Methods, systems and computer program products for implementing neural network based optimization of database search functionality
Abstract
The invention provides methods, systems and computer programs for optimizing database search functionality. In an embodiment, the invention comprises (i) receiving at least one sequence of words, (ii) identifying within the received sequence of words, one or more strings, based on string attributes, (iii) identifying a class corresponding to each identified string, (iv) generating a tokenized sequence of words by substituting the detected one or more strings with corresponding class descriptor tokens associated with an identified class for such string, (v) generating word embedding vector representations corresponding to an individual word within the generated tokenized sequence of words, (vi) generating a neural network corresponding to the tokenized sequence of words, and (vii) recording an association between the selected sequence of words and the generated neural network or the vector representation of the tokenized sequence of words.
Claims
exact text as granted — not AI-modifiedWhat is claimed is:
1 . A method for implementing neural network based optimization of database search functionality, the method comprising the steps of:
receiving text data comprising a set of sequences of words, wherein one or more sequences of words within the received text data is intended to be added to a searchable database; implementing, for each of the one or more selected sequences of words within the received set of sequence of words, the steps of:
identifying within the selected sequence of words, one or more strings, wherein the one or more strings are identified based on attributes of said strings;
identifying a class to which the identified one or more strings correspond;
generating a tokenized sequence of words based on the selected sequence of words, wherein the tokenized sequence of words is generated by substituting the identified one or more strings within the selected sequence of words with a corresponding class descriptor token, wherein each class descriptor token is associated with the class that has been identified for each such string;
generating a set of word embedding vector representations, wherein each word embedding vector representation within said set of word embedding vector representations corresponds to an individual word within the generated tokenized sequence of words;
generating a neural network corresponding to the tokenized sequence of words, wherein a final hidden state of the generated neural network comprises a vector representation of the tokenized sequence of words; and
recording an association between the selected sequence of words and one or both of the generated neural network or the vector representation of the tokenized sequence of words comprising the hidden state of the generated neural network.

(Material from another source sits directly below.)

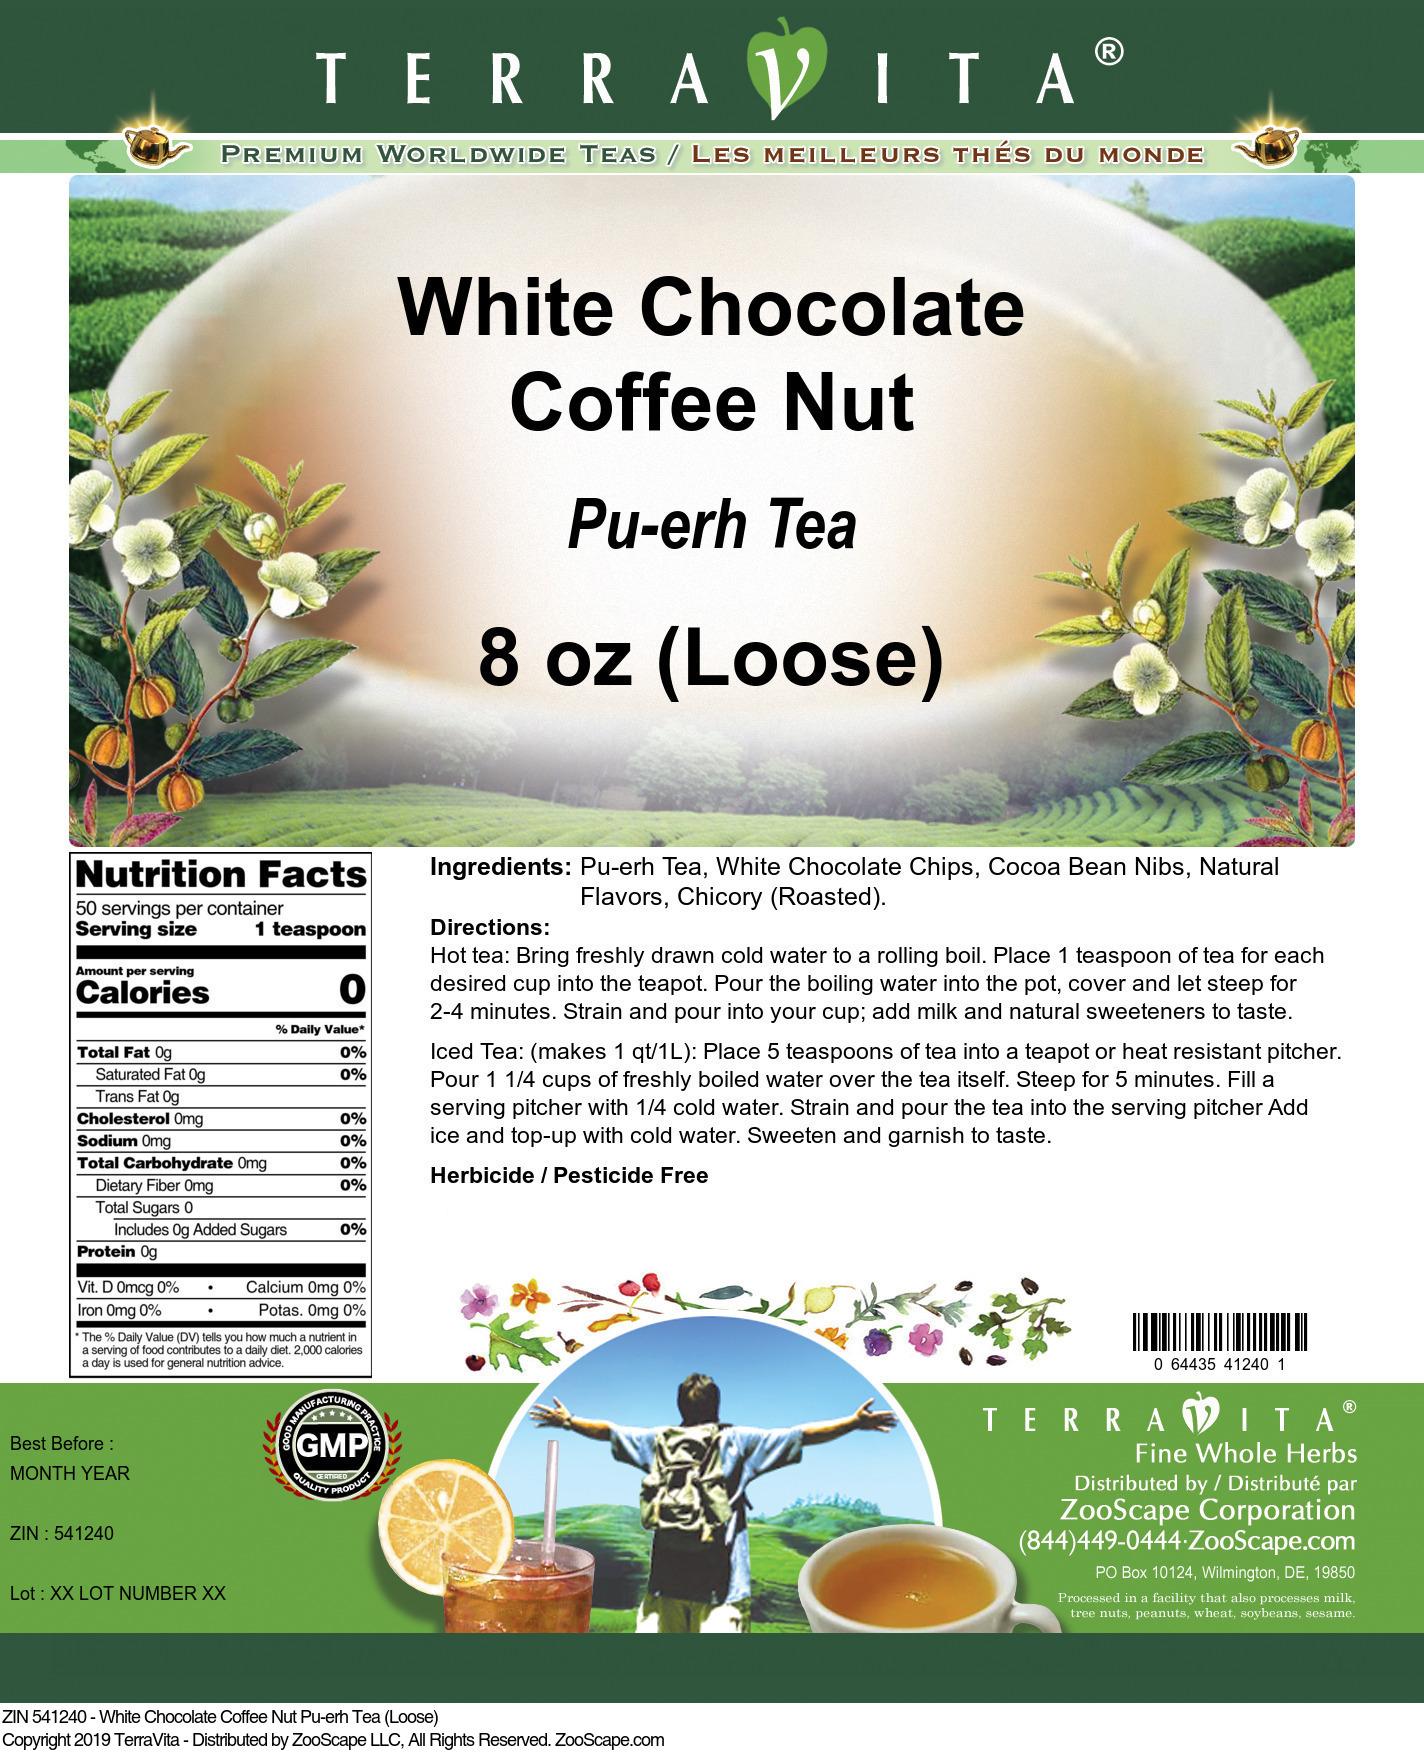 White Chocolate Coffee Nut Pu-erh Tea (Loose)
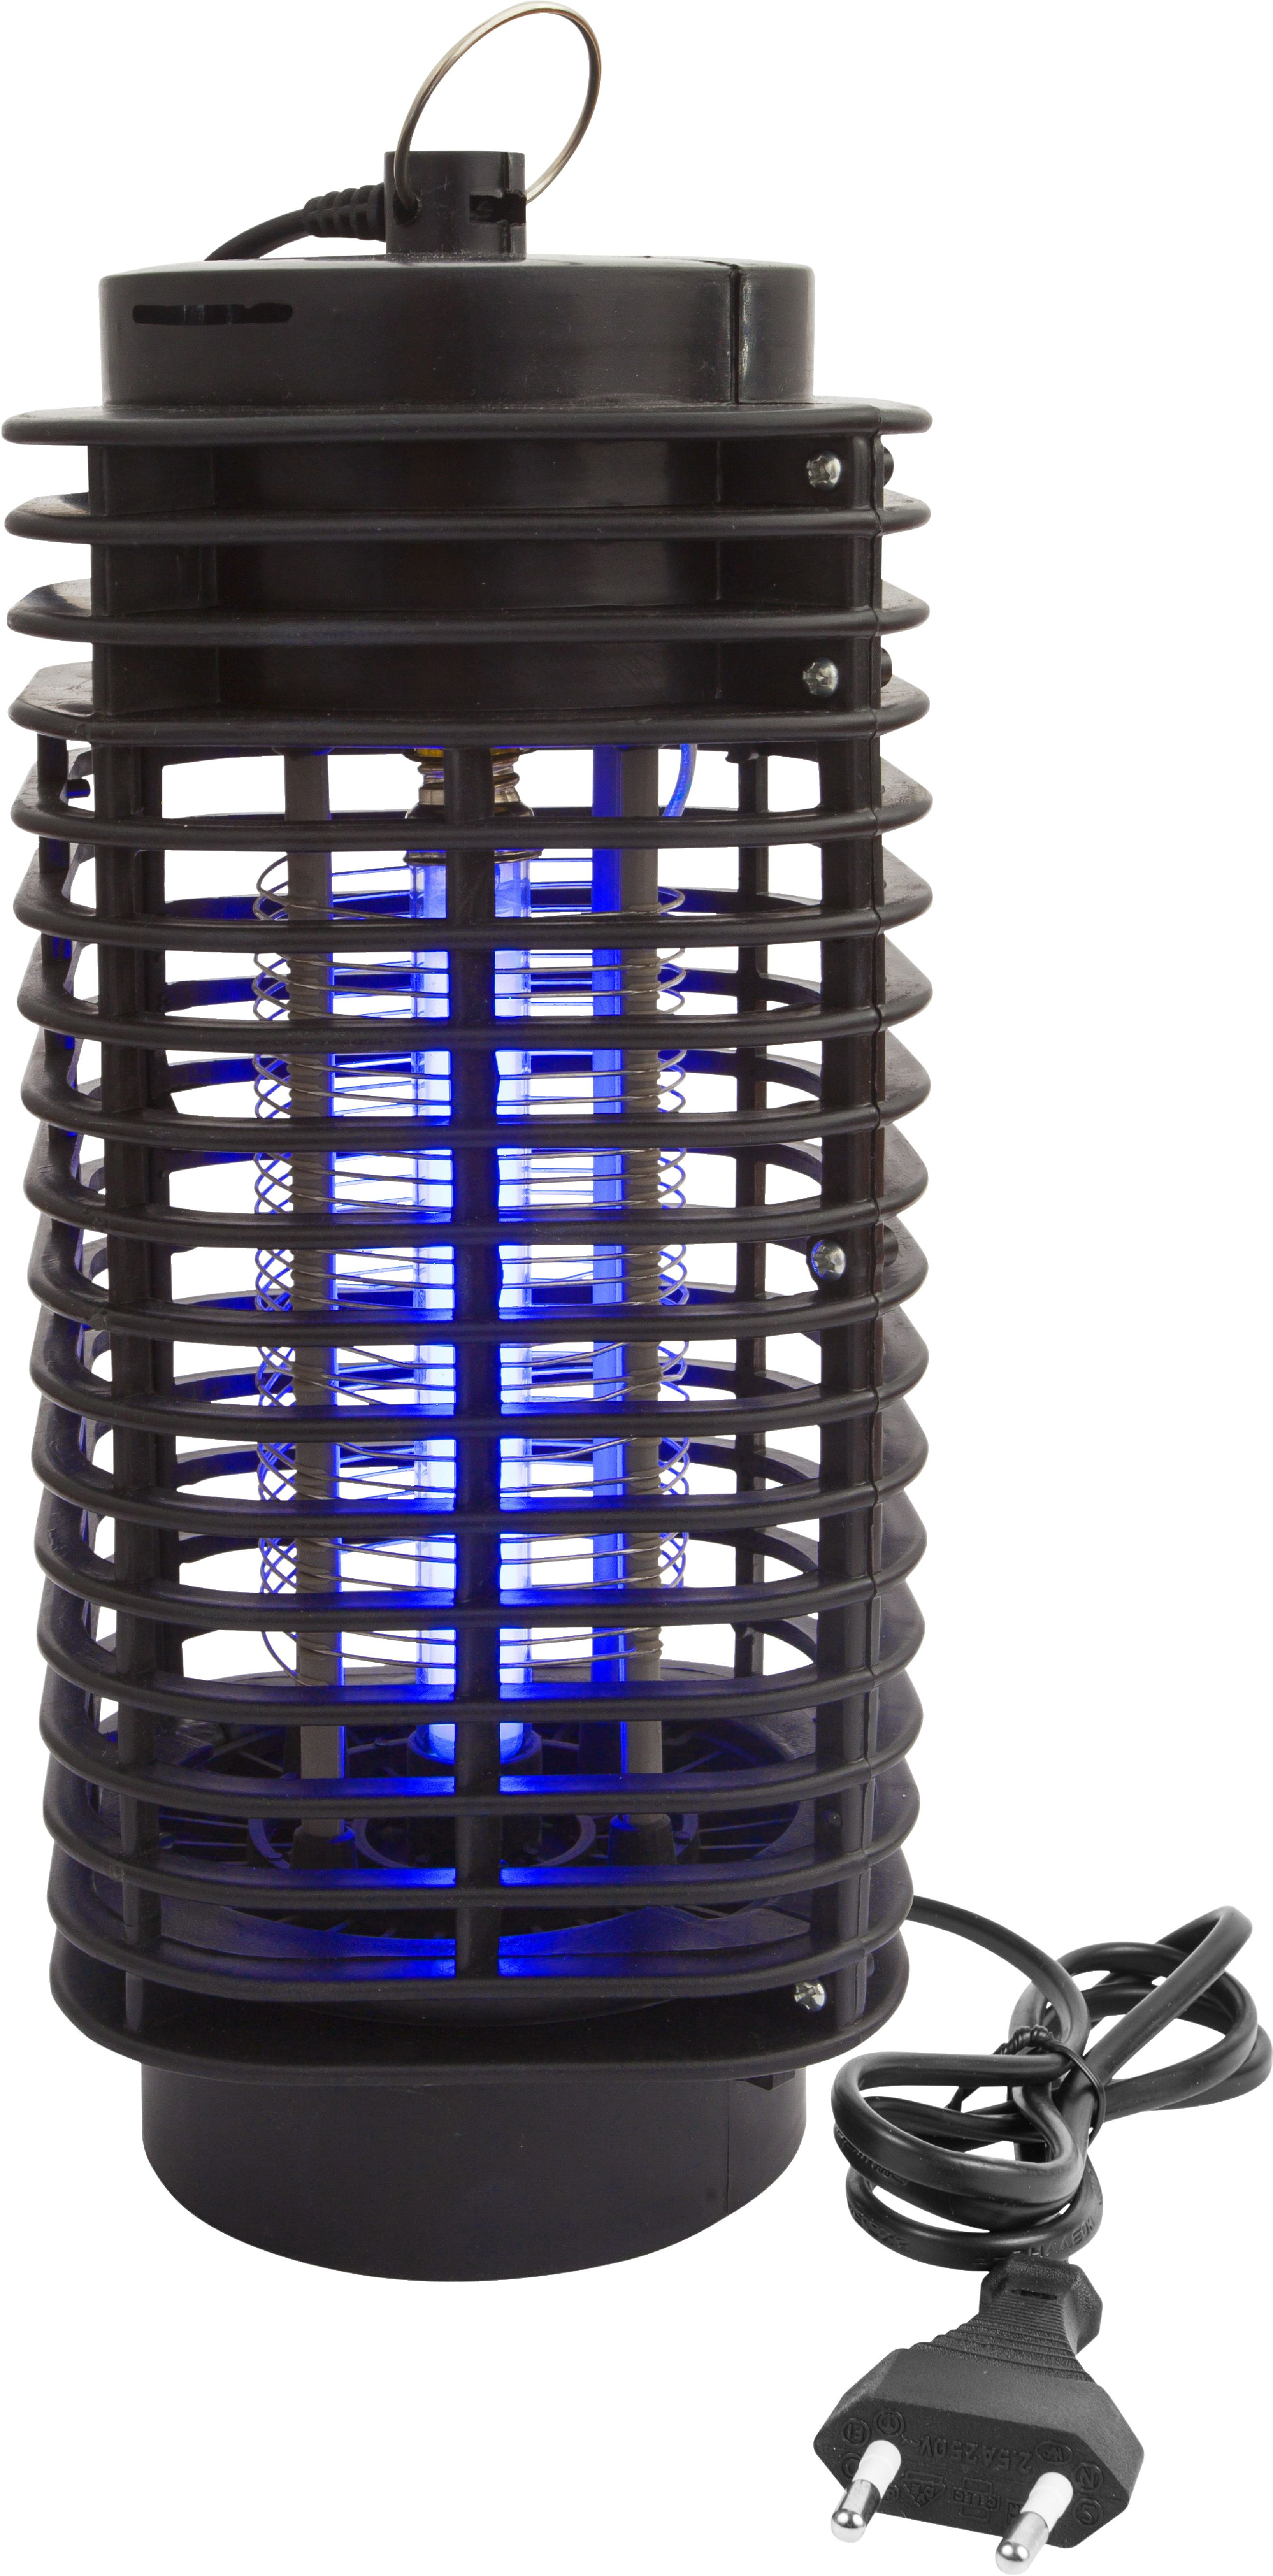 UV lapač hmyzu 3 W, 16m2, Biogrod 73109

2 . The method as claimed in claim 1 , wherein:
at least one of the identified strings comprises an entity name or entity identifier, and wherein the identified class corresponding to said string comprises an entity type associated with the entity name or entity identifier; or at least one of the identified strings describes a concept, and wherein the identified class corresponding to said string comprises a concept class associated with the described concept; or at least one of the identified strings comprises a keyword, and wherein the identified class corresponding to said string comprises a keyword class associated with the keyword.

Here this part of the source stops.